10. If the revision petitioner-defendant is aggrieved by the judgment and decree passed by the trial court and has a contention that the trial court has committed an error of law or procedure, the remedy available to him is to challenge the decree in appeal or revision or in other appropriate proceedings before the appropriate forum. He cannot contend that the decree is a nullity or not executable on the ground that an error of law or procedure is committed by the trial court. From the contentions raised by the revision petitioner it is clear that his only contention is that the trial court accepted the affidavit produced by the plaintiffs as evidence without the permission of the court under O. 19 R. 1 of the C.P.C. and committed an error of law in accepting the evidence by affidavit which is not evidence at all under S. 3 of the Evidence Act.
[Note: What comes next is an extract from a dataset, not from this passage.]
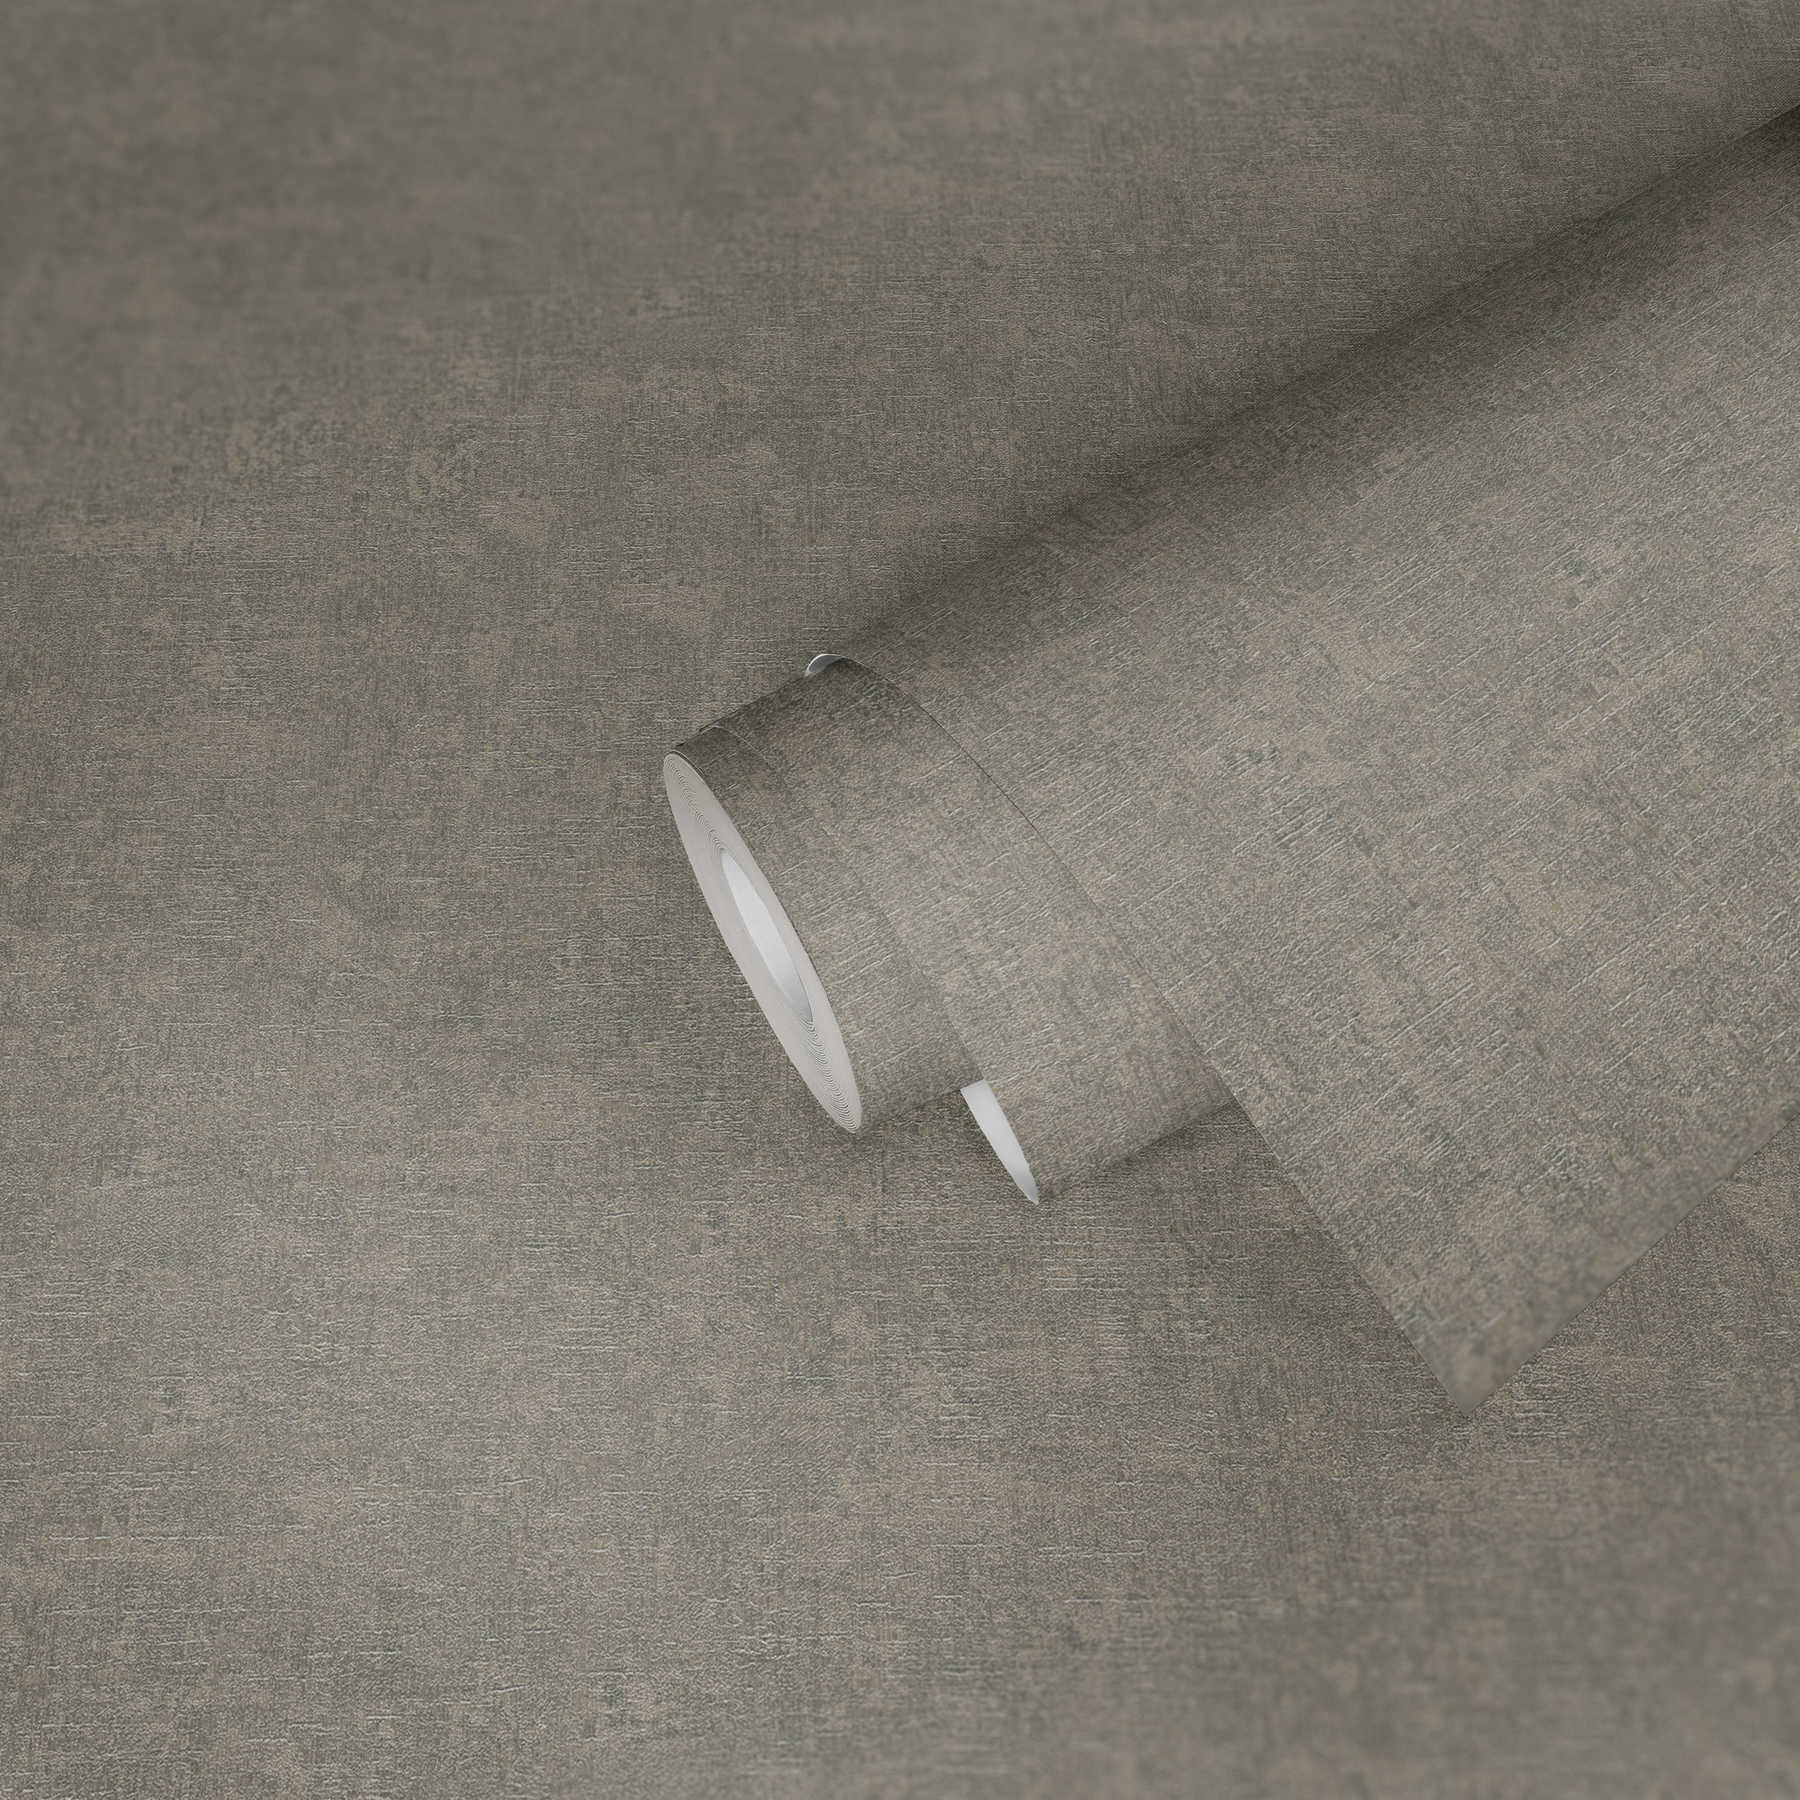             Silver grey plain wallpaper with concrete plaster look - beige, grey

11. Court s having competent jurisdiction even if passed a decree by committing an error of law or procedure, the decree binds the parties, if the decree or judgment is passed by the court after complying with the necessary legal formalities. Since such decrees are binding upon the parties to the suit or proceedings and their representatives-in-interest, they cannot take a contention before the executing court that the decree is not executable and the executing court cannot entertain such contentions and go behind the decree. If the judgment and decree are erroneous in law or on the facts, unless and until they are set aside in appropriate proceedings before the appropriate forum, they are binding upon the parties and their representatives-in-interest. Therefore, the contention raised by the revision petitioner that the ex parte judgment and decree passed in this case against him are null and void ab initio as they are based on no evidence and as such the decree is not executable, is not sustainable and the lower court rightly negatived that contention.

12. The argument advanced by the counsel for the revision petitioner that since suits for specific performance of contract involve mutual rights and obligations on the plaintiff and the defendant, unless and until the plaintiff establishes before the court that he had been ready and willing to perform his part of the contract, a decree cannot be passed and therefore, as the respondents have not adduced any evidence in that regard, the above decree passed against him ex parte is not executable, is also not sustainable. The trial court found on the basis of the evidence on record that the respondents were ready and willing to perform their part of the contract and accordingly passed the decree for specific performance against the revision petitioner. Even if the trial court went wrong in appreciating the evidence in passing the judgment and decree, the remedy available to the revision petitioner is to challenge the same in appropriate proceedings before the appropriate forum. In an execution proceeding and defendant-judgment debtor cannot be heard to contend that the decree is not executable since the decree is passed on wrong appreciation of evidence or insufficient evidence.

Under the circumstances it is clear that all the contentions raised by the revision petitioner against the validity and executability of the decree in this case, are absolutely unsustainable and the executing court rightly negatived those contentions. Therefore, there is absolutely no merit in the challenge against the order passed by the lower court. Hence the C.R.P. is dismissed confirming the order passed by the lower court.